The first two sentence could be (but wait for confirmations of the natives!):

Sunt fermecat de tine!
Sunt total hipnotizat de frumuseţea ta enormă şi extraordinară!


----------



## Hellriser

Thanks a lot for your time and for your help! I really appreciate it…
Hope someone could help me with the others….


----------



## ancuta

I kinda changed your sentences a bit to make them sound better in Romanian. Also, since I'm a girl, they are closer to what I would like to hear.

I’m mesmerized by you!
"M-ai fermecat!"
 
I’m totally hypnotised by your enormous and astonishing beauty!
"M-ai hipnotizat cu imensa ta frumusete interioara si exterioara!" (means "you hypnotised me with your immense interior and exterior beauty")

I’m addicted to you
"Esti ca un drog pentru mine."

Your presence swims in my blood
I'm not sure what you're trying to say here, but I can offer "Prezenta ta ma intoxica" ("Your presence is intoxicationg") or "Mi-ai intrat sub piele" ("You got under my skin")
 
I would love to drown myself in the sweet darkness of you amazing dark eyes, my Dark girl….
"Imi doresc sa ma pierd in ochii tai adinci si negri, frumoasa mea bruneta." ("I would love to lose myself in your deep dark eyes, my beautiful brunette").

Hope you'll like it.

Bafta (good luck)


----------



## Hellriser

Thank you from all my heart! I really appreciate all your help!
Hope she likes it too……


----------



## pro_niger

OFF TOPIC - I`m sure she will love it .. you are a lady`s man 

If you want her to be very impressed you can also tell her that:

*Eşti tot ce mi-aş putea dori vreodată, eşti tot ce am sperat mereu, tu faci ca inima să bată, mai tare, acolo-n pieptul meu.*
(You are all that I could ever want, all that I have always hoped for, you make my heart beat faster in my chest.)

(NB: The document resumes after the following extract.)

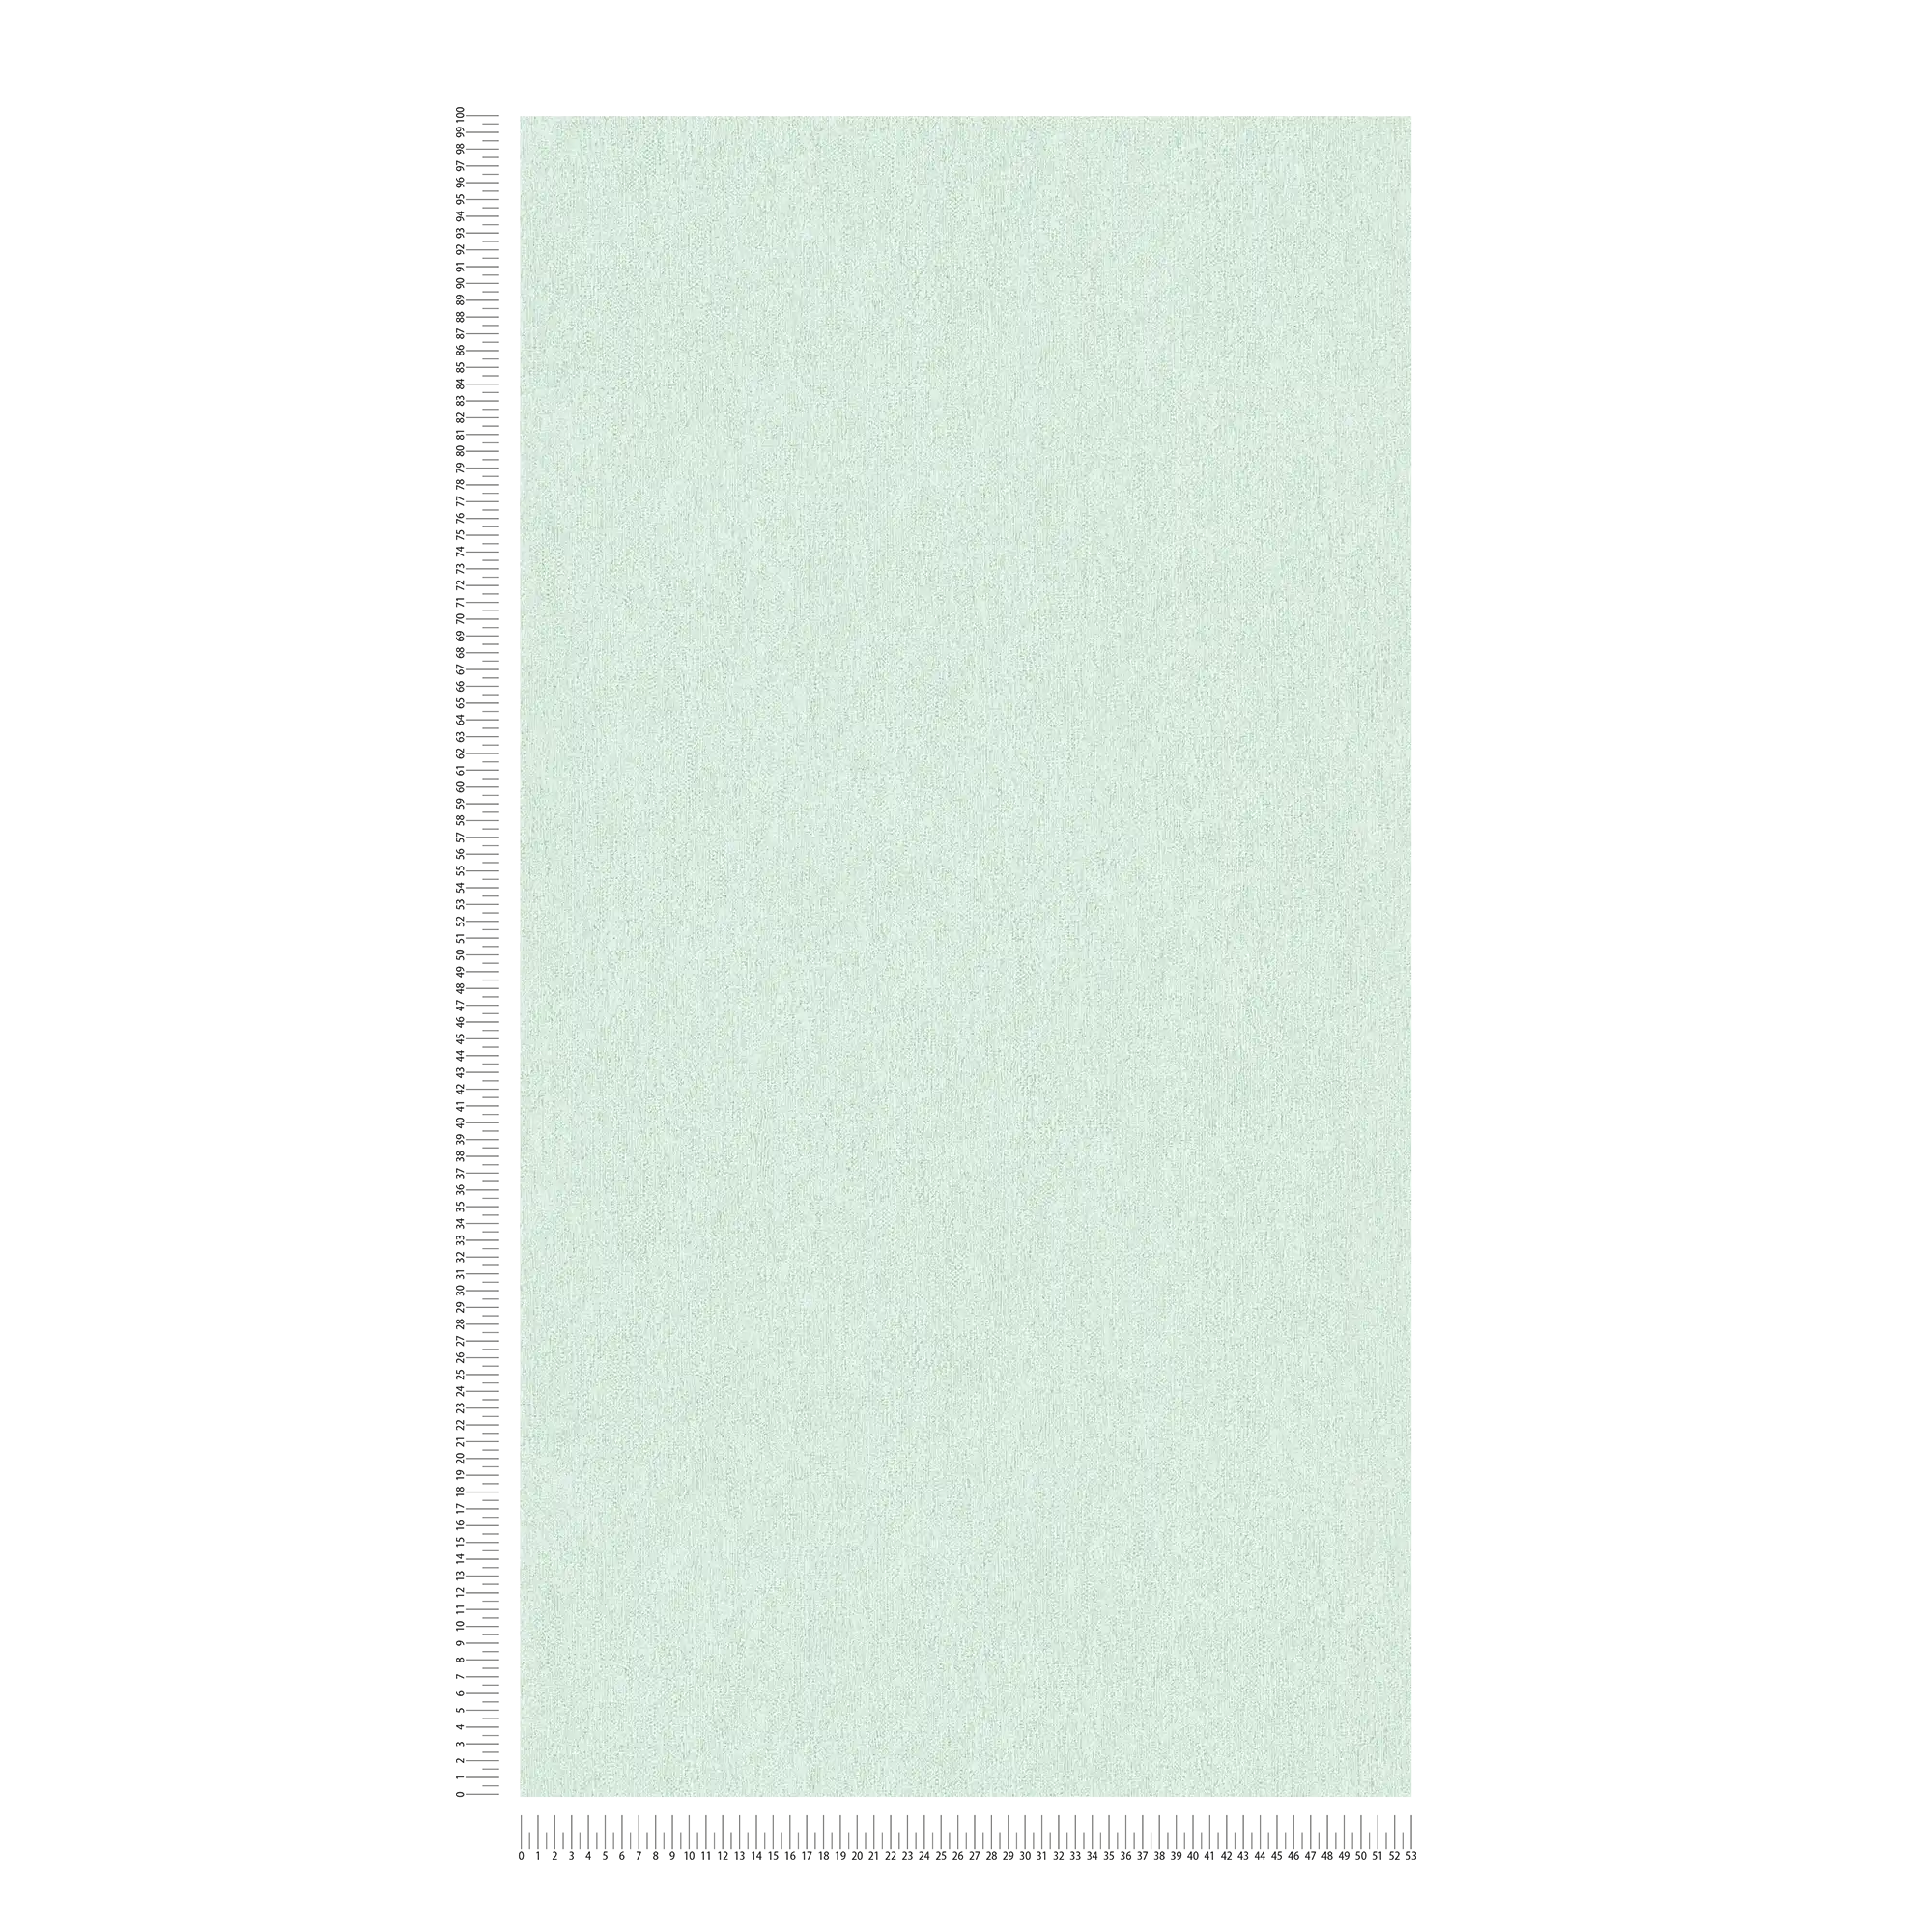             Carta da parati in tessuto non tessuto opaco e liscio con motivo a struttura - verde

Now tell us *ancuta, *would a girl want to hear something like that or I`m a little bit overconfident?


----------



## ancuta

Hei Pro Niger,

pretty cool, man. Desi, cind vine de la un roman catre o romanca, cred ca fata se prinde ca e un pic tras de par si intentiile devin prea transparente...lol


----------



## pro_niger

Yup, numai ca nu vine de la un roman asa ca va ramane un pic surprinsa :> 
Oricum ar fi nu e obligat sa se foloseasca de cuvintele mele.

Cam gata! Sa punem punct viitoarei polemici din timp si sa speram ca domnii moderatori vor fi blanzi cu noi si ne vor corecta ei posturile cu caciulitele si virgulitele de riguare )


----------